## WHAT TO PRODUCE
Starting at the first line of the data, please print exactly those lines through the one that holds "カラマスに持ってく新刊できま", omitting every picture.
[Opening SUPPLIED DATA section]
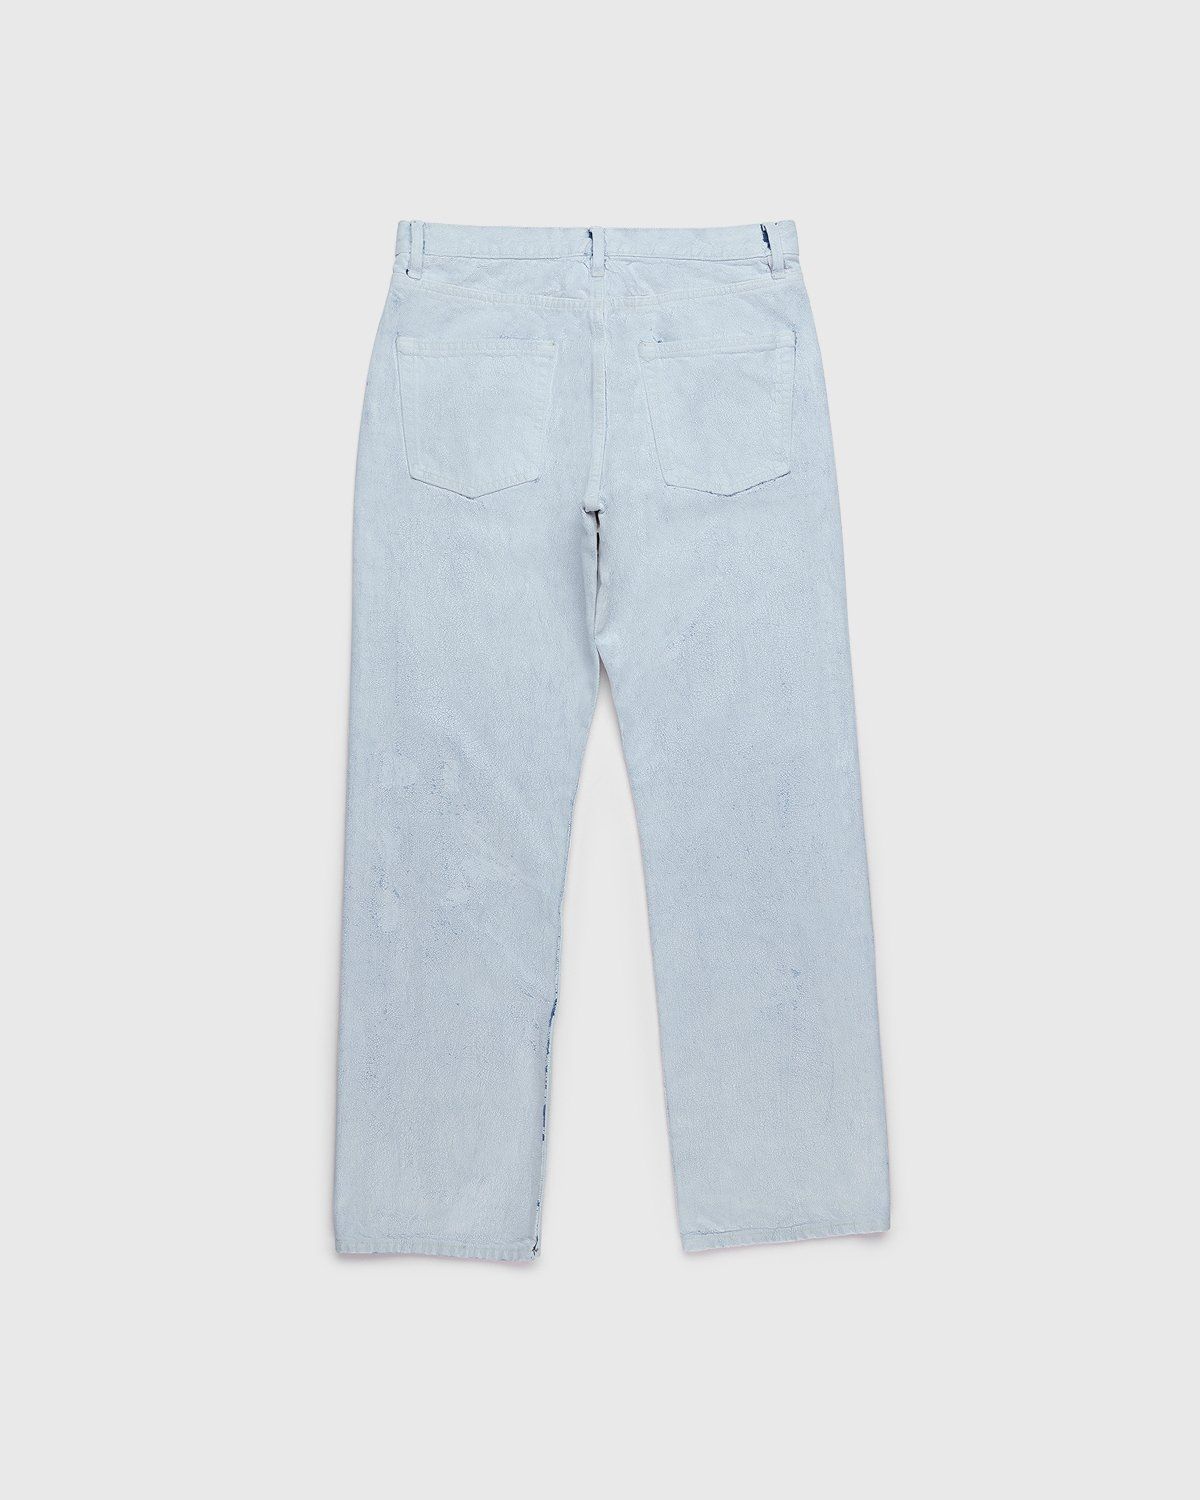 Maison Margiela – Bianchetto Boyfriend Jeans White - Pants - White - Image 2
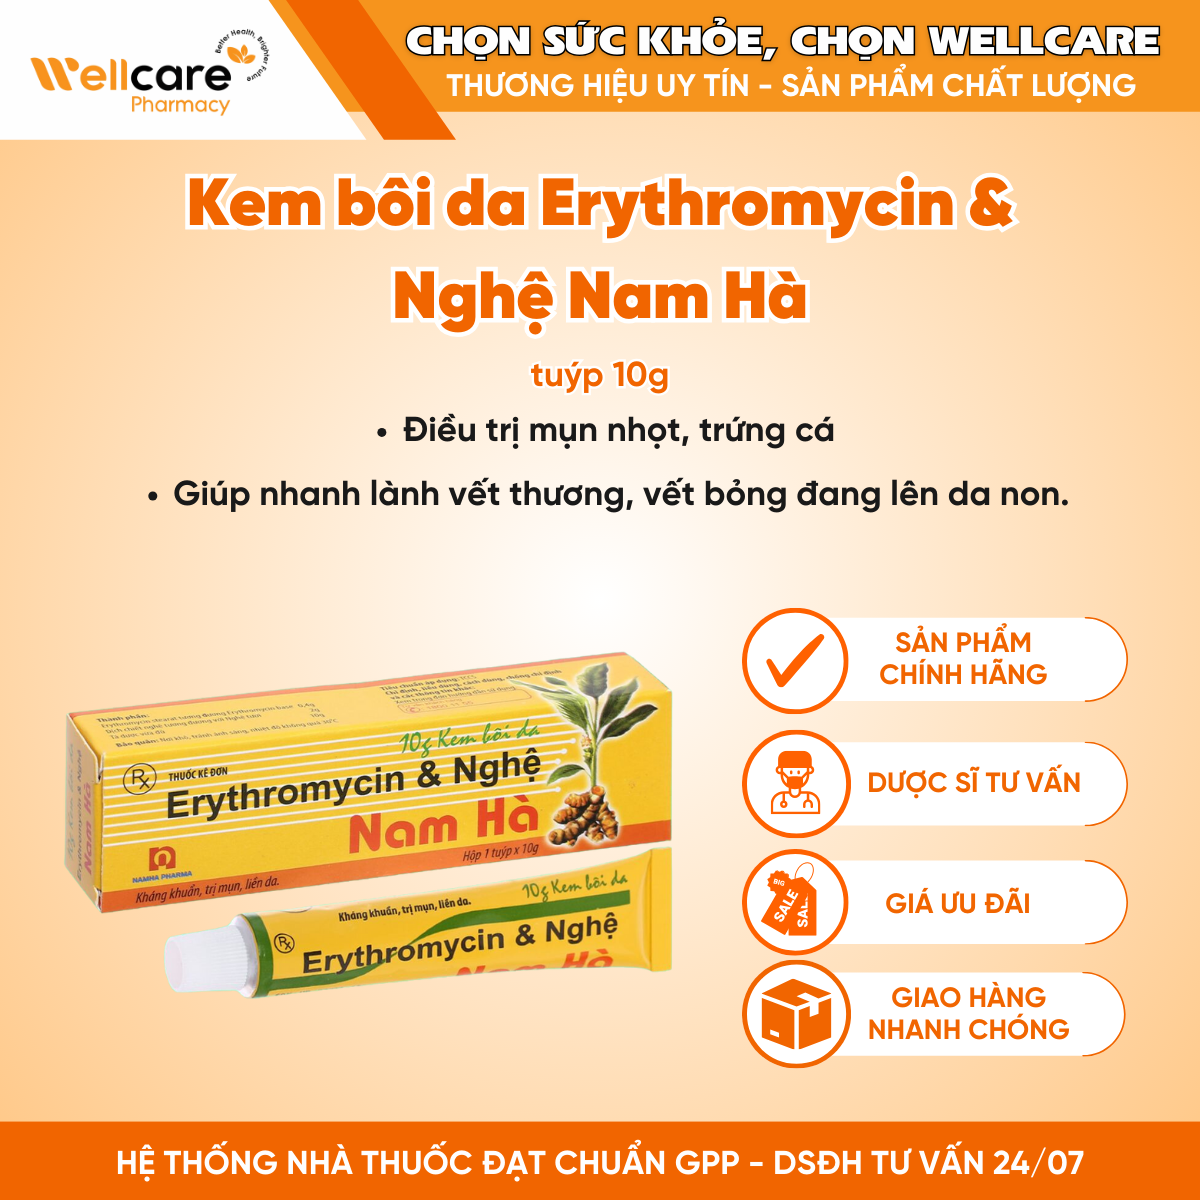 Kem bôi da Erythromycin & Nghệ Nam Hà điều trị mụn nhọt, trứng cá (Tuýp 10g)
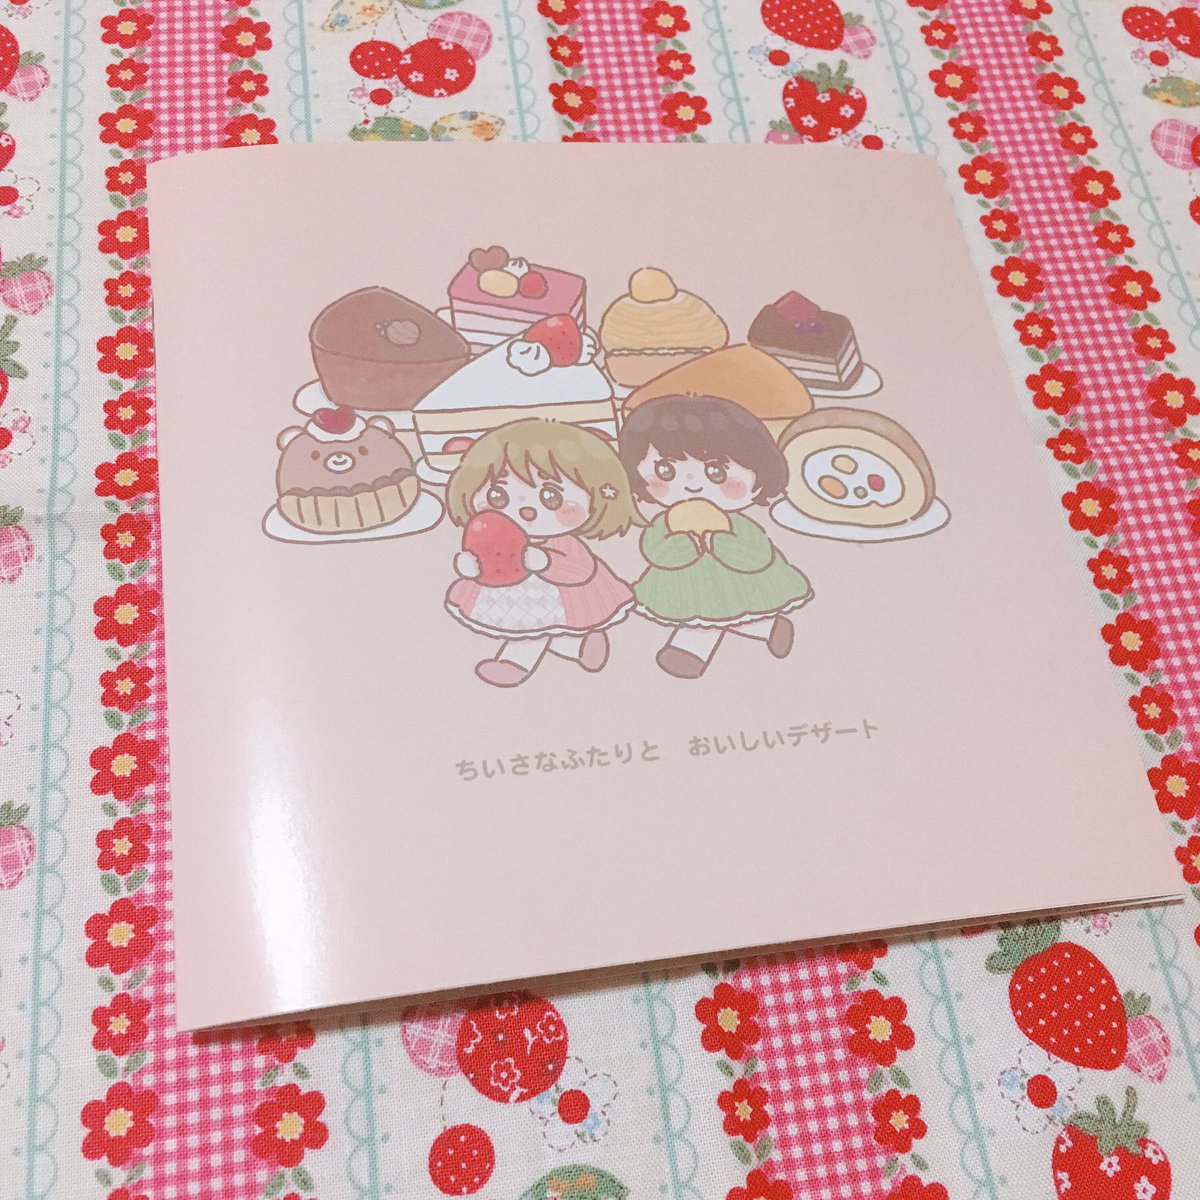 カラマスに持ってく新刊できました? かな子ちゃんと雫ちゃんとデザートの本です〜! 
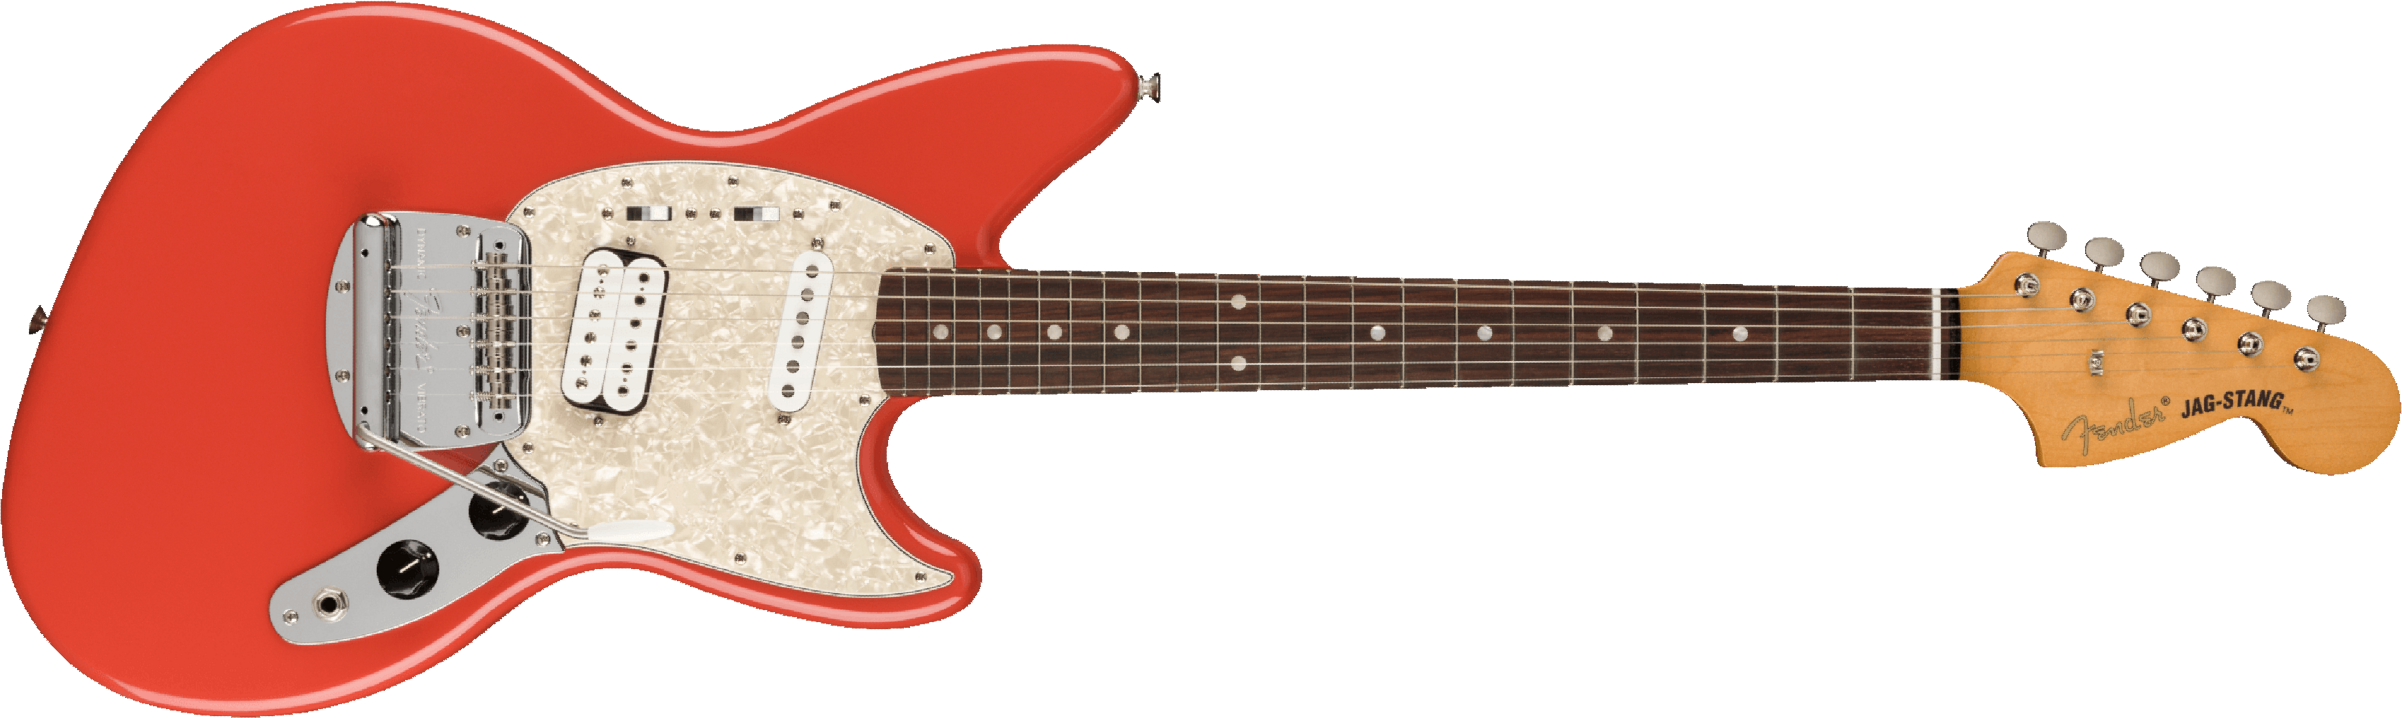 Fender Jag-stang Kurt Cobain Artist Hs Trem Rw - Fiesta Red - Guitare Électrique RÉtro Rock - Main picture
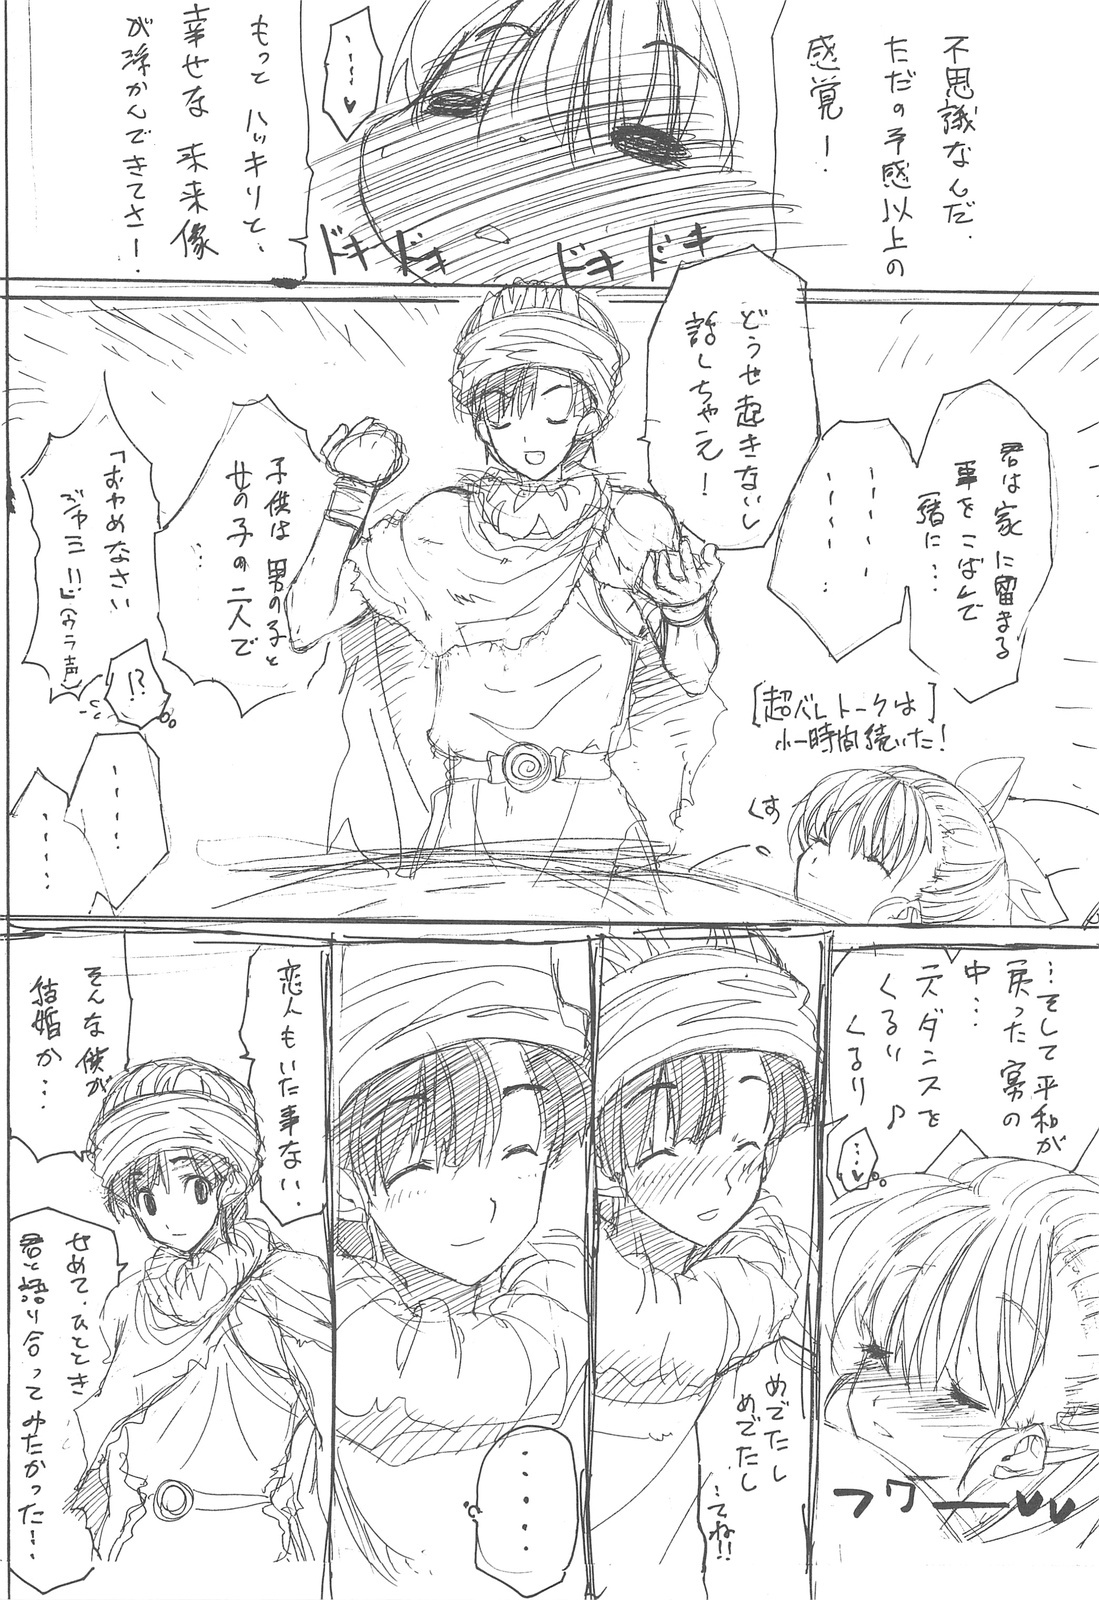 (Mimiket 20) [ZINZIN (Hagure Metal)] DRAGON REQUEST Vol. 12 (Dragon Quest V) page 6 full
[Closing SUPPLIED DATA section]
## WRITTEN SOLUTION
 Maison Margiela – Bianchetto Boyfriend Jeans White - Pants - White - Image 2
 Kem bôi da Erythromycin & Nghệ Nam Hà điều trị mụn nhọt, trứng cá (Tuýp 10g)
 カラマスに持ってく新刊できました? かな子ちゃんと雫ちゃんとデザートの本です〜! 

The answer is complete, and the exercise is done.